Be a role model for your children, show that you care about other’s misfortune. Show sympathy when a disaster is reported on the other side of the world, and then show your children that you are ready to do something about it. Send spare blankets to the Red Cross. Donate clothing to the Salvation Army. Give money to people you see on the street collecting for others or for themselves. Donate money for classroom chairs or classroom desks in underprivileged places. The most important thing is to show that you care. Your children will get the message, and they will begin to care, too.
One great fundraising event to do through a school is a race night. As Fundeo explains, “Hold a race night event. A Fundeo race night is very easy to organise and great fun it makes a great social event too. It can be run as a family event, or as an ‘adults’ only night – you just choose a film category (‘U’, ’12’ or ’15’ age group), personalise it as much as you wish and order online in our shop. It couldn’t be easier. Ideal for club, school, PTA, corporate, church or charity fundraising. It is easy to find a venue too whether its a village hall, a local club or pub. Your local pub will be delighted to host the event too because a pub race night promises thriving bar sales at the event.”

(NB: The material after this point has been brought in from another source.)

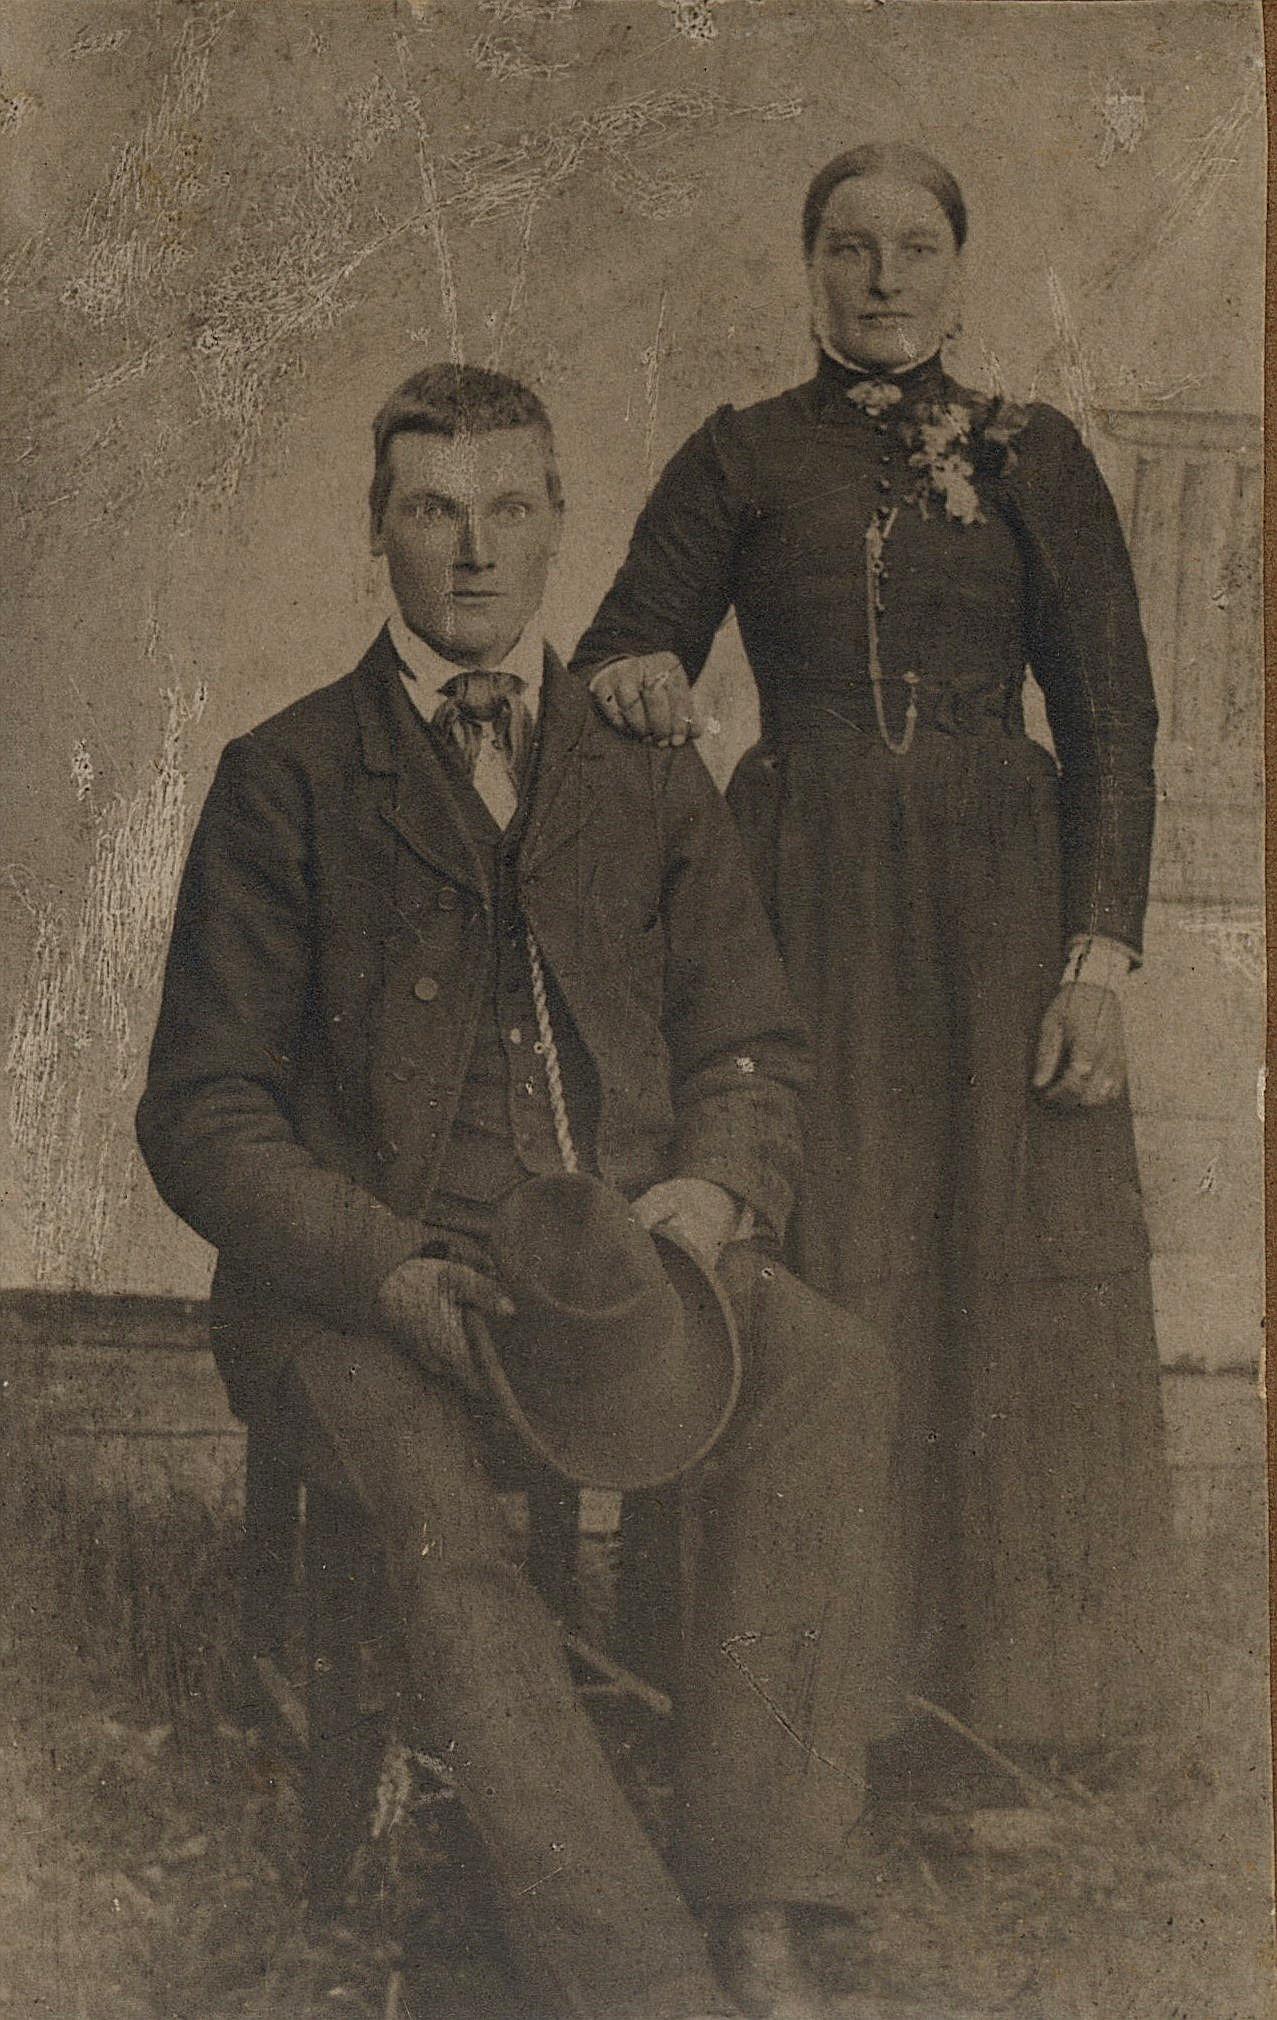 """På bilden Artur Mitts pappa Karl Henrik Mitts och hans första hustru Amanda f. Äbb. Efter Amandas död emigrerade Karl Henrik till Amerika och var där i många år men återvände sedan i slutet på 1920-talet och flyttade till Kias-kroken i Dagsmark. Han kallades vanligtvis för """"Viiras-Kaalhindrik""""."""

Here is a video that can help teachers and school administrators to make charity work more popular in the schools.
There are many ways we educate our children, and most of those ways to not involve sitting behind classroom furniture. Rather, they are actions we take to show what is important to us. Here is a list of some things parents can do to teach their children the value of giving.
• Donate Clothing: Periodically go through your closets and drawers in search of clothes which are still in good condition, but for whatever reason, are not worn any more. Help your children do the same thing with their own clothing. With your children in tow bring the clothing to the Salvation Army or Goodwill, and have the volunteer there explain what their organization will now do with the clothes. This is one lesson that you can be sure your children will not forget.
• Be a Helpful Neighbor: “Charity begins at home” is a wise saying. After your needs and the needs of your family are met, the next place to help someone is right in your own neighborhood. Perhaps you have an elderly neighbor that needs some groceries that you can pick up for her. Maybe there is a new mom on your street that can use a hot cooked meal or someone to babysit older children so she can get some rest. Being a helpful neighbor breeds a feeling of friendship and closeness that makes life deep and meaningful.
• Set a wonderful example of giving by donating blood. This life-saving activity shows you care at the most basic level, and will impress your children with the importance of this simple, generous act.
Get your kids involved in reaching out and helping beyond their classroom tables. Let them come up with their own ideas of how to make their world a better place to live.